The “old elite”, of which Vallabhbhai Patel was a part, took an evolutionary approach to institutions of governance while quickly instilling in them the spirit of the independent republic. In many respects, the “new set of people” — for all the changes they want in public culture and modes of expression — have not shifted from the old approach, writes Vivek Katju.
Himanshu argues for a fiscal response on inflation. He writes that the wheat wholesale price inflation of 17.4%, the highest since 2012, confirms fears that inflation pressures are not transitory.
Patralekha Chatterjee says that India should desist from a “Jane Austen view” of rankings, stop obsessing emotionally about them and instead draw the right lessons.

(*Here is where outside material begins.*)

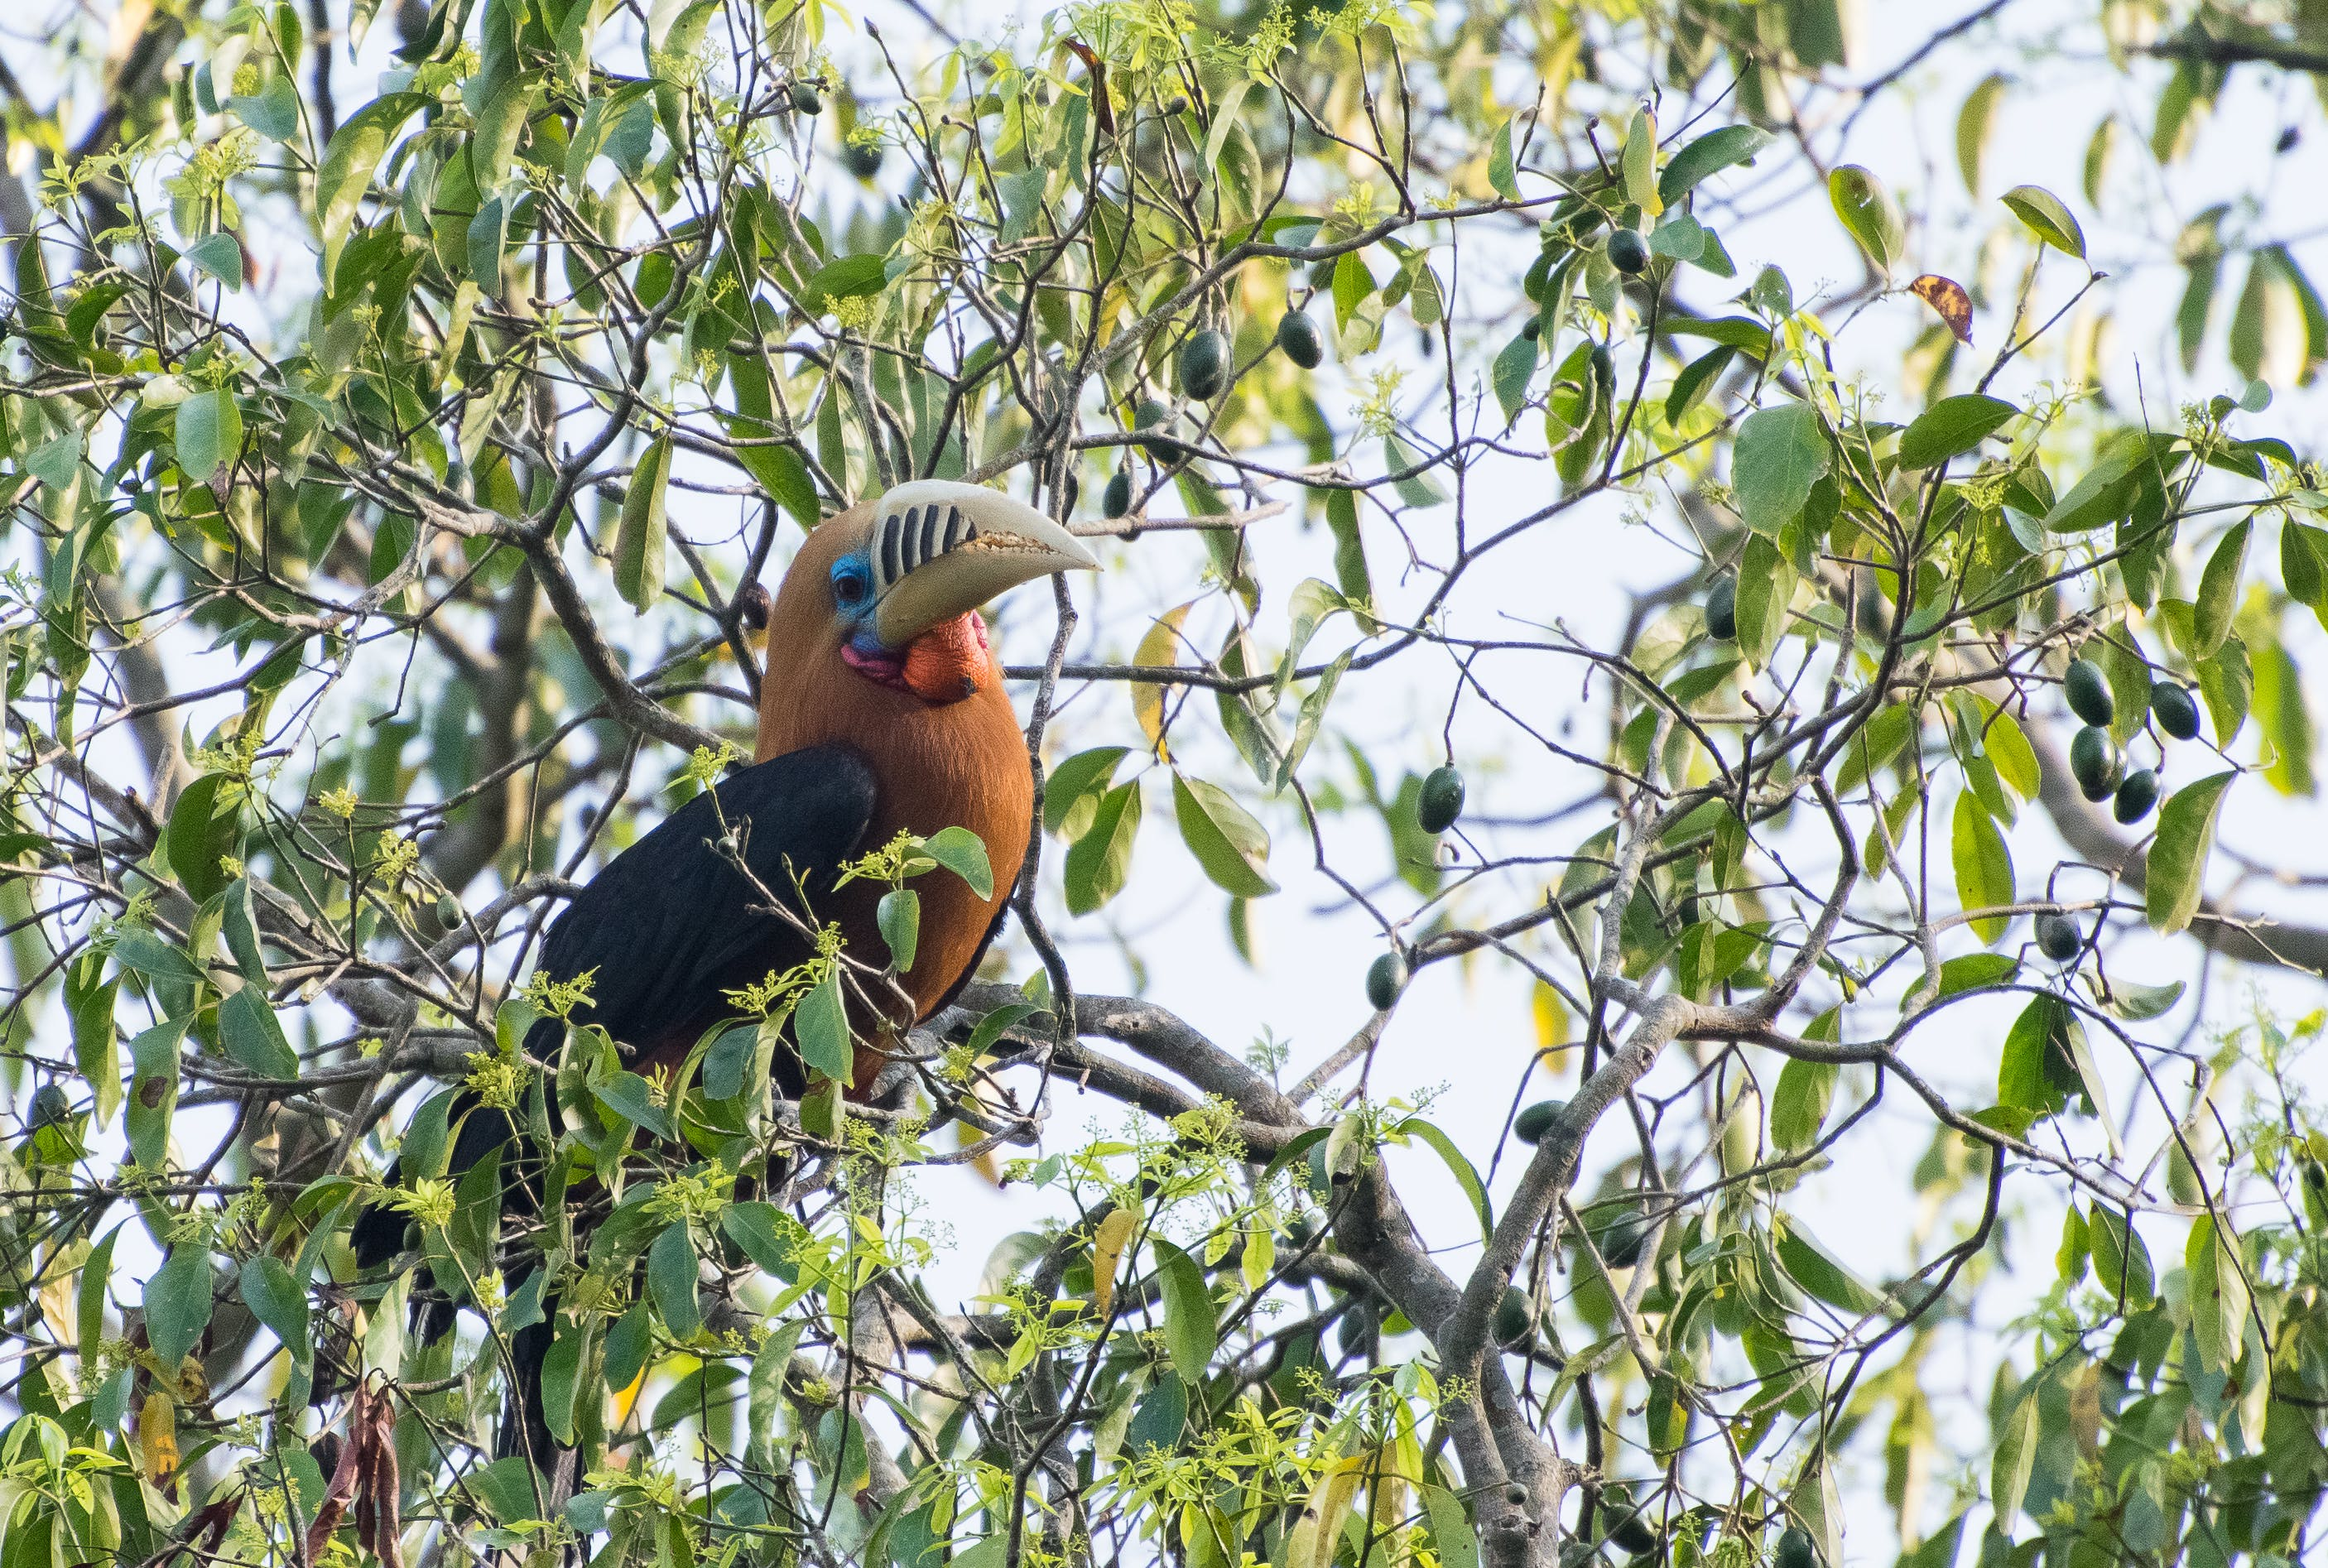 Kostenloses Stock Foto zu baum, großer vogel, grün, hornbill
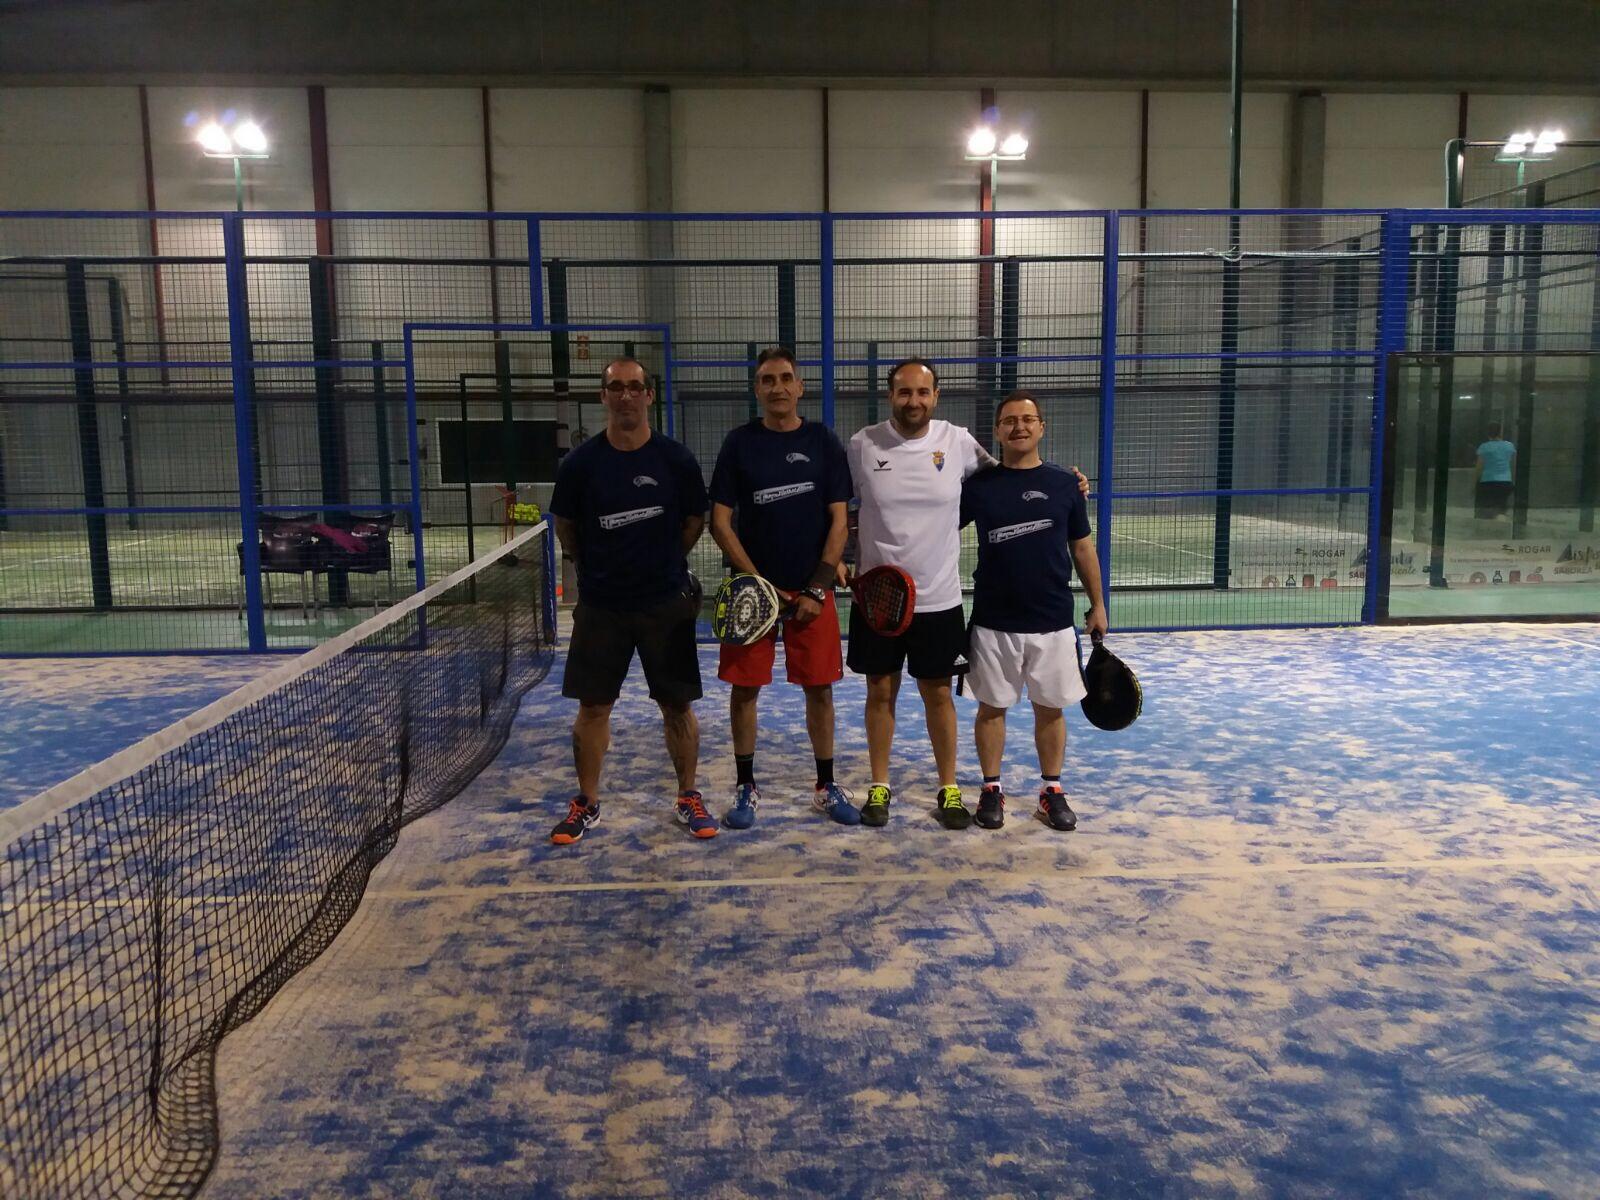 Patrocinando  el deporte de Aragón y la afición de nuestros  compañeros

The Bharat Jodo Yatra provides a sense of relief in a toxic and lawless atmosphere. Observing an alternative set of emotions and ethics is a breath of fresh air in an atmosphere ruled by a predatory state, writes Ajay Gudavarthy.
Biswajit Dhar writes that Bangladesh has highlighted its burgeoning trade deficit with India. It is an area of discord and India should work towards a greater Bangladesh presence in the Indian market.
Amol Karhadkar of The Hindu speaks on the recently approved amendments to the BCCI constitution, and examines if they are in line with the recommendations of the Justice Lodha committee.
Anupama Chopra asks actor Tabu about her process, and her working relationship with long-time collaborators like Vishal Bharadwaj, Mira Nair and Irrfan.
Over and out
A feature film on the Battle of Haifa, regarded as the “last great cavalry campaign in history”, is being developed by Indian production banners Golden Ratio Films (GRF), Yaelstar Films and Hundred Films.
The head of Wipro is getting hate mail after sacking 300 moonlighting employees. He was reportedly the first person to talk about moonlighting in the tech industry. He can’t have expected love letters.